Your answer must be an exact copy of the data, without any pictures.

==== The data ====

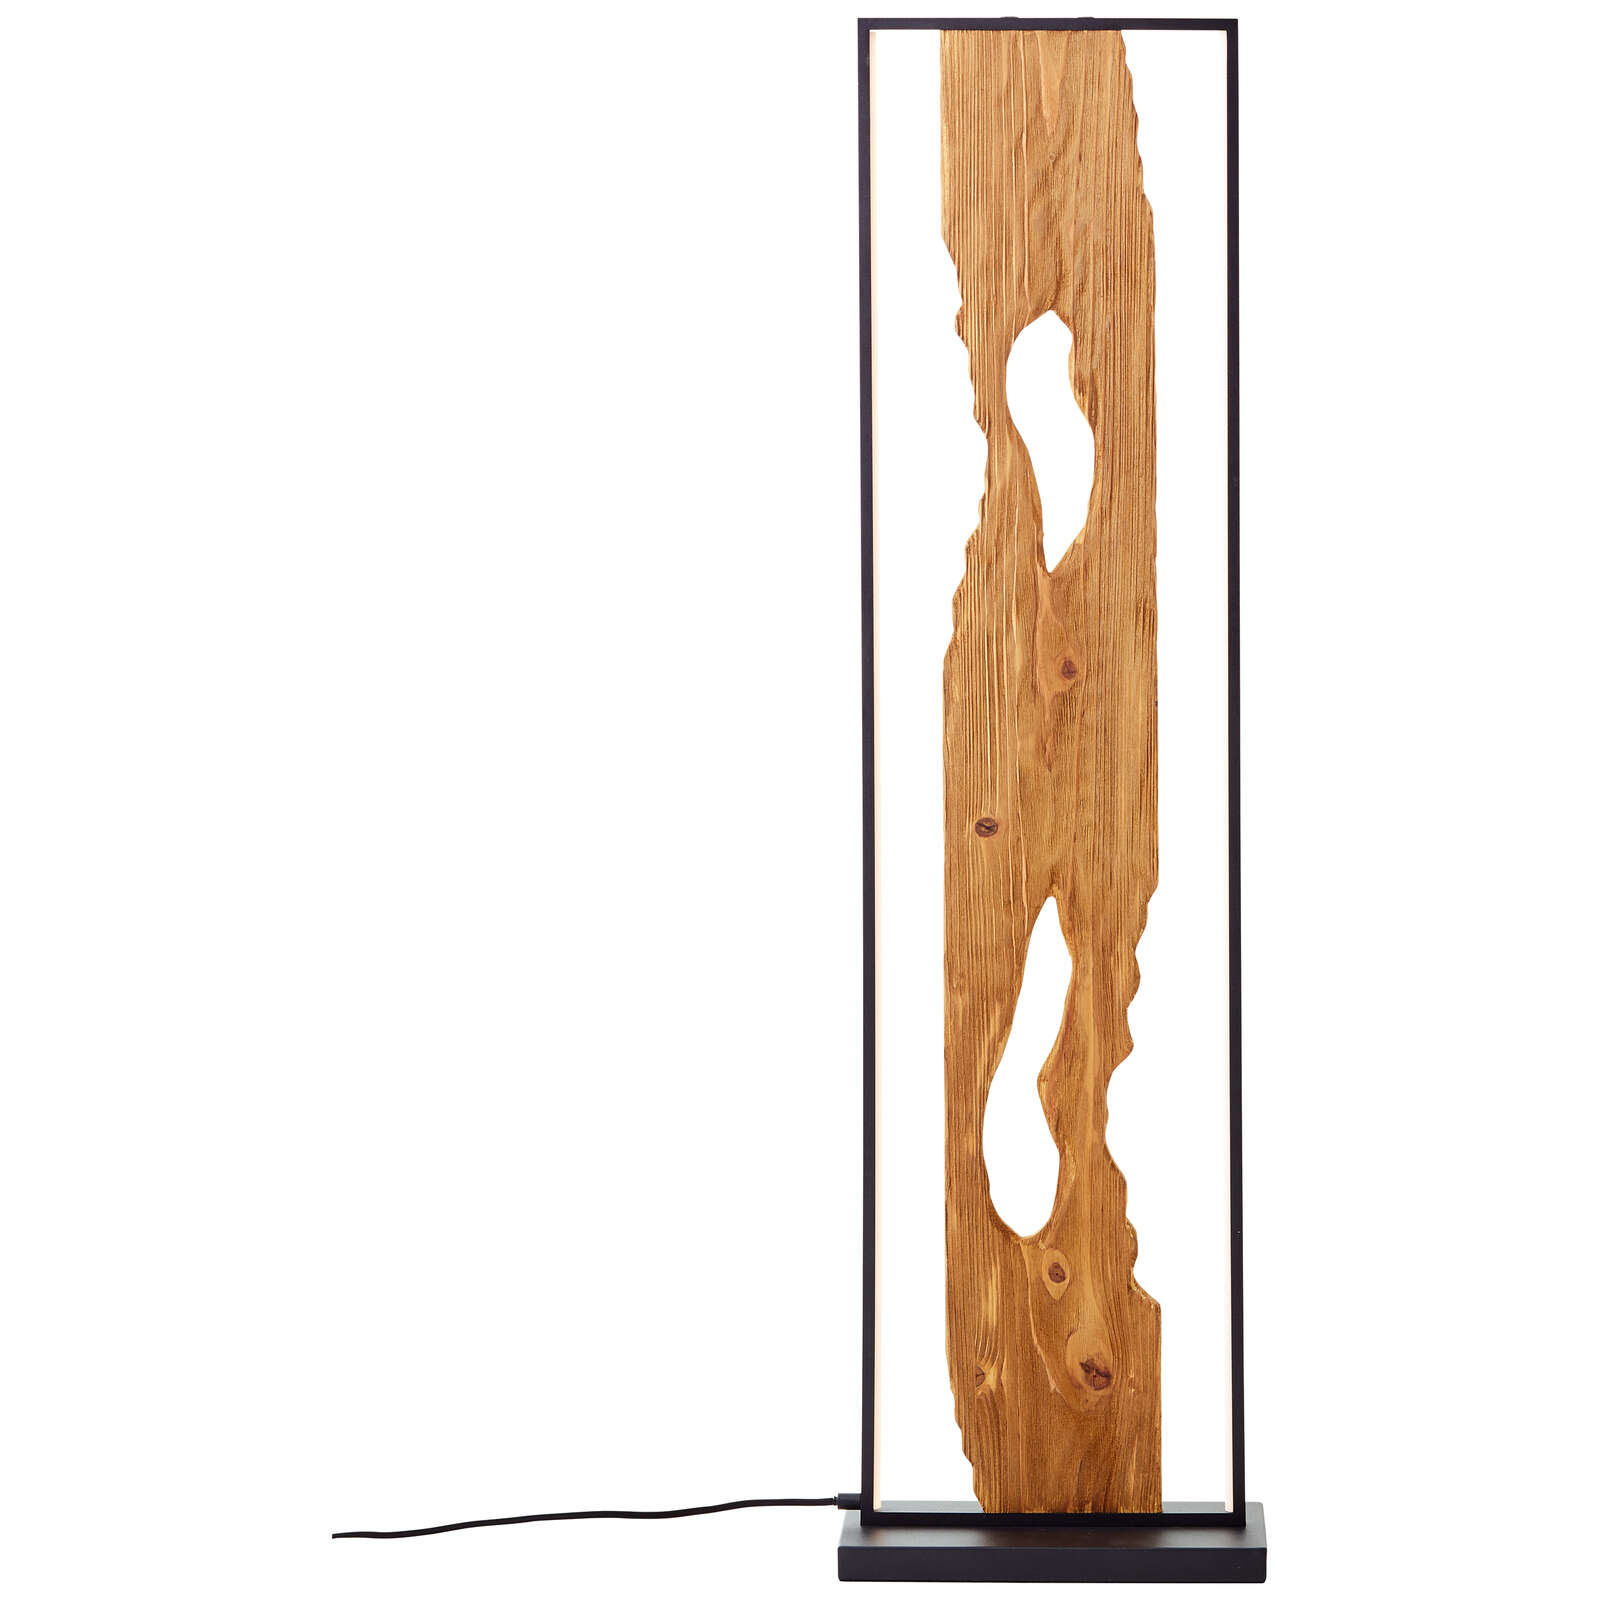             Lámpara de pie de madera - Elea 7 - Marrón
        
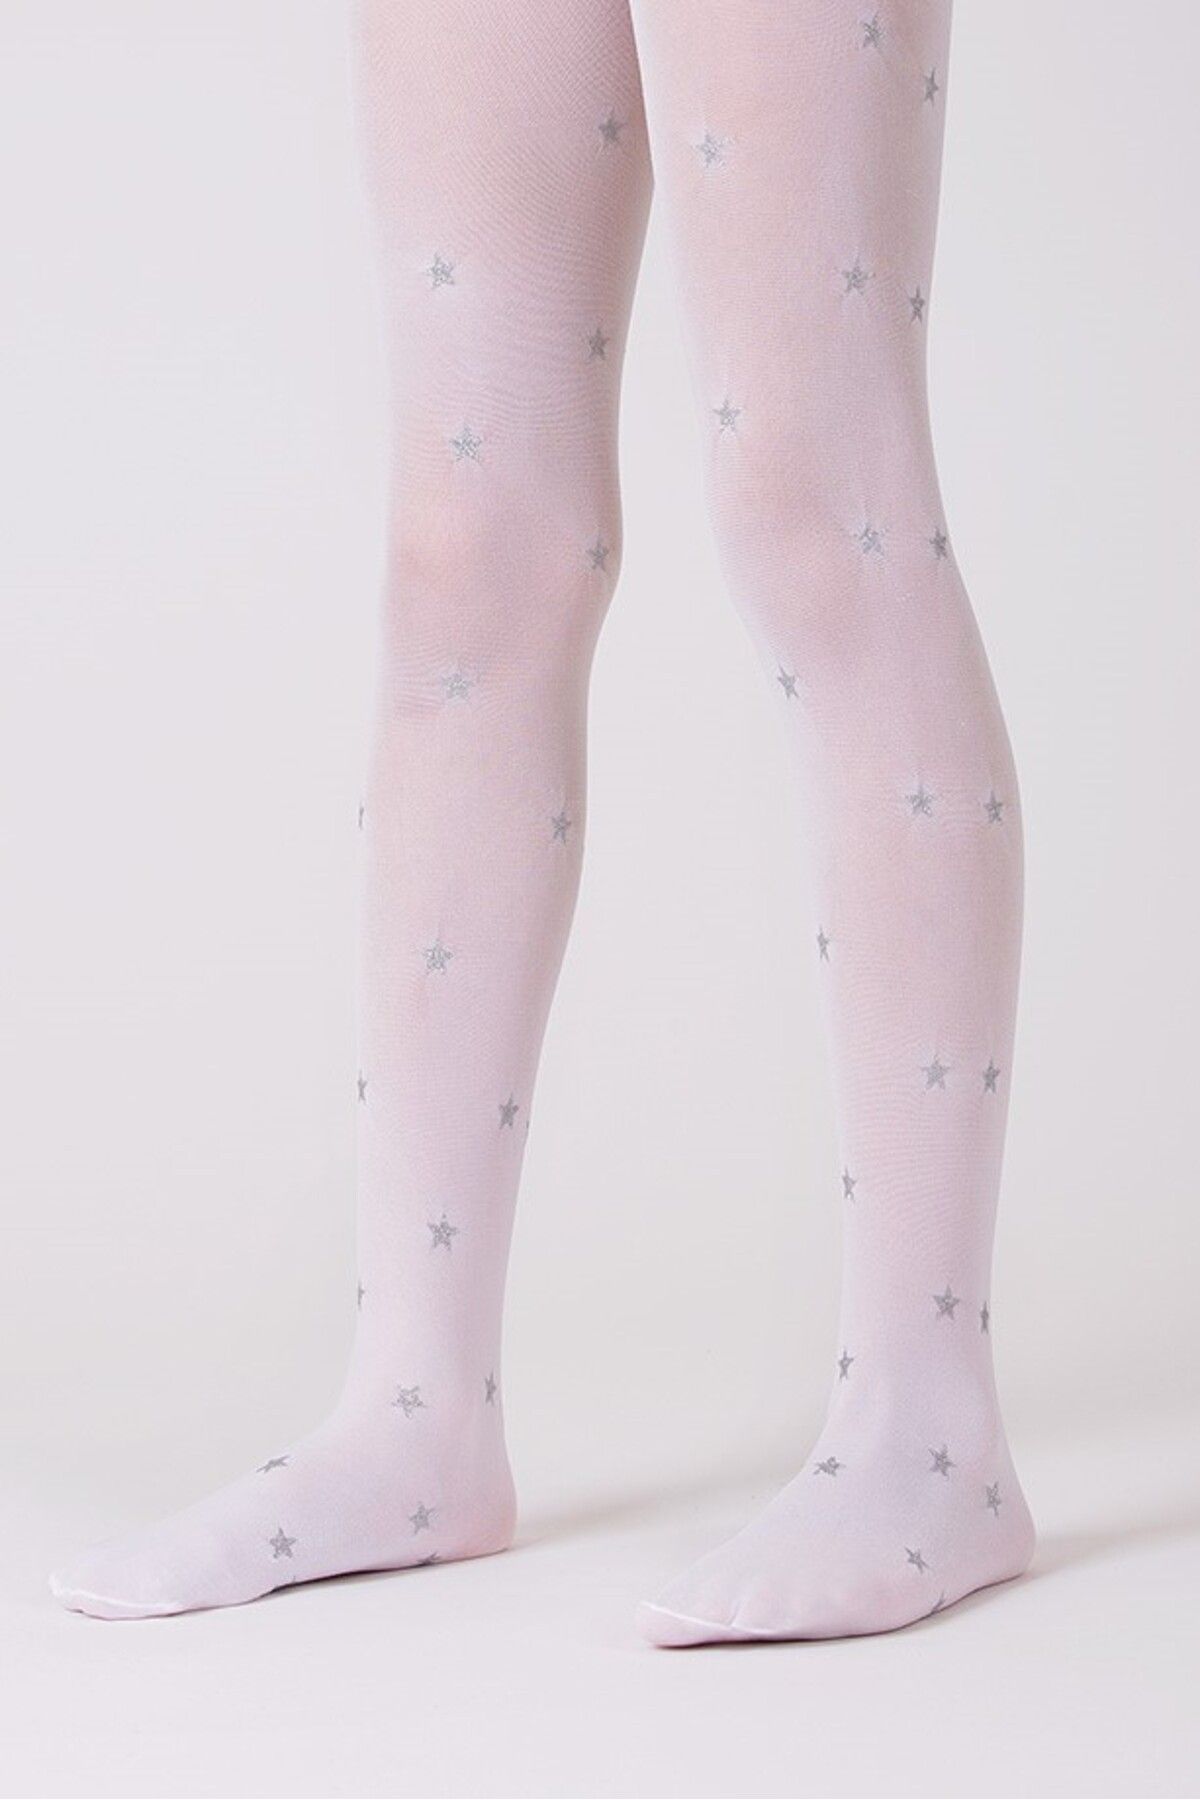 Goose Gümüş Yıldız Desenli Beyaz Kız Çocuk Külotlu Çorap
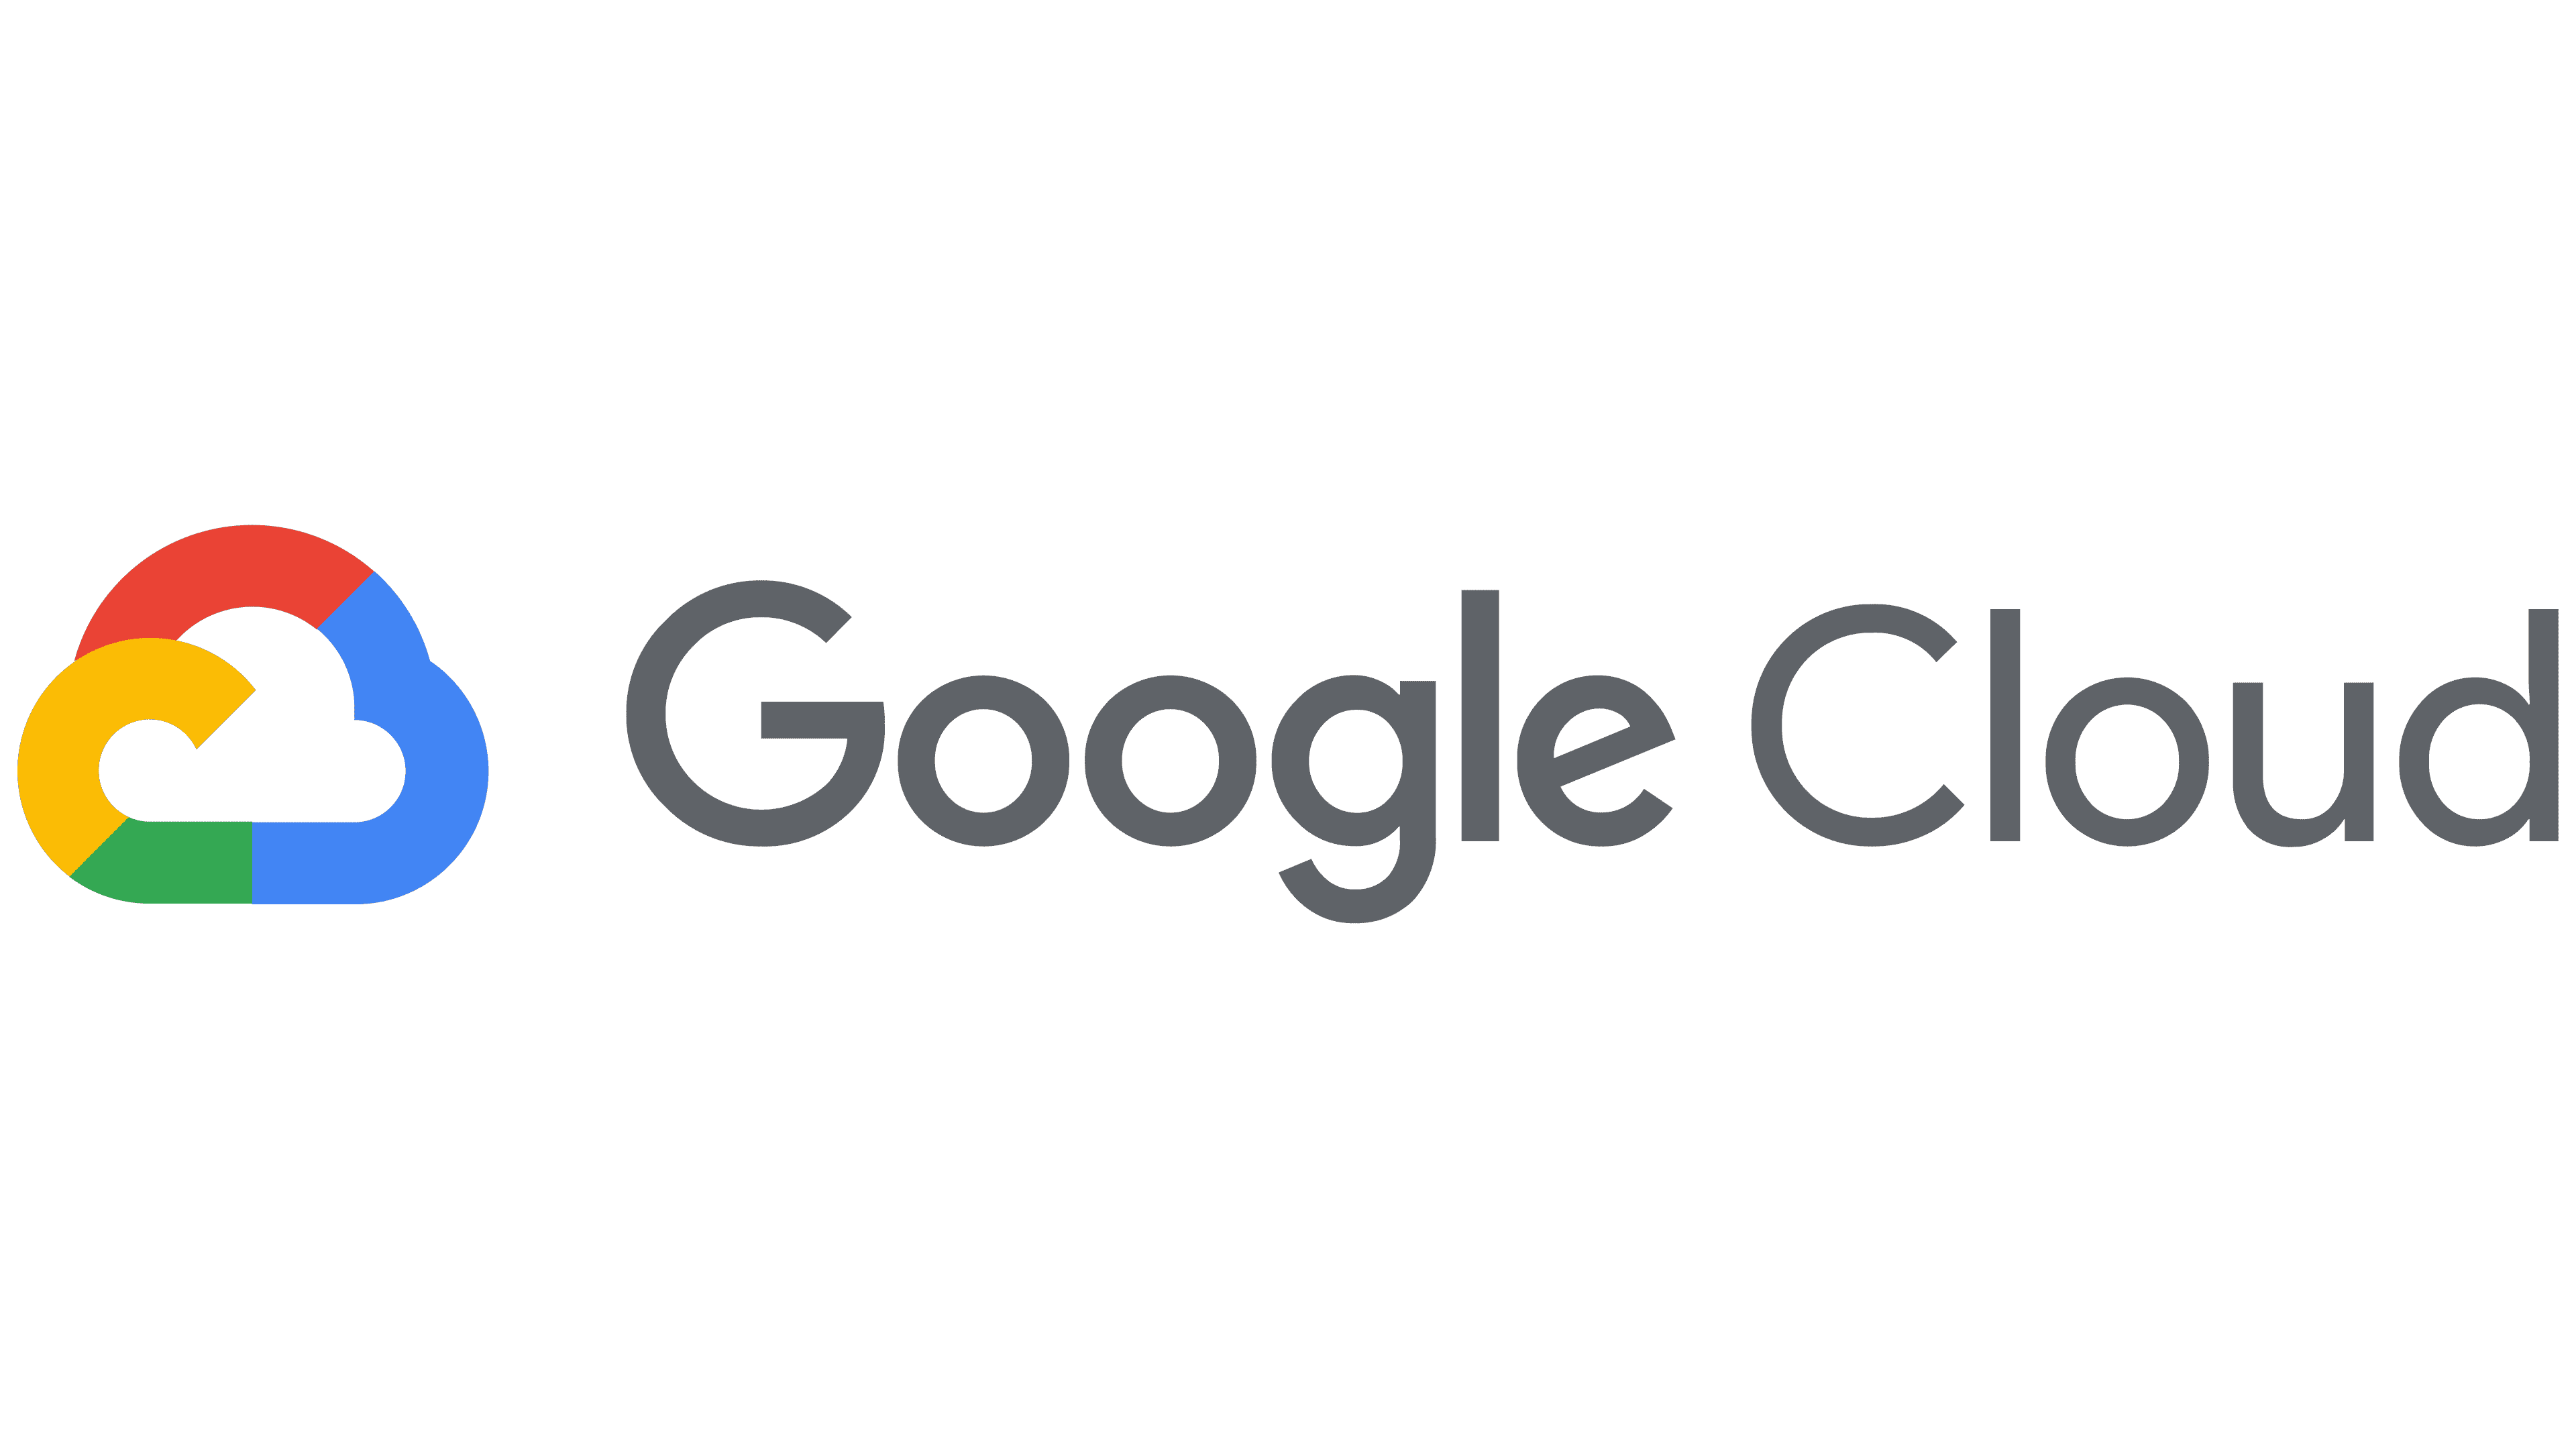 Các thiết kế google cloud logos độc đáo và chuyên nghiệp nhất

====

_Worked solution:_
             Lámpara de pie de madera - Elea 7 - Marrón
        
 Goose Gümüş Yıldız Desenli Beyaz Kız Çocuk Külotlu Çorap
 Các thiết kế google cloud logos độc đáo và chuyên nghiệp nhất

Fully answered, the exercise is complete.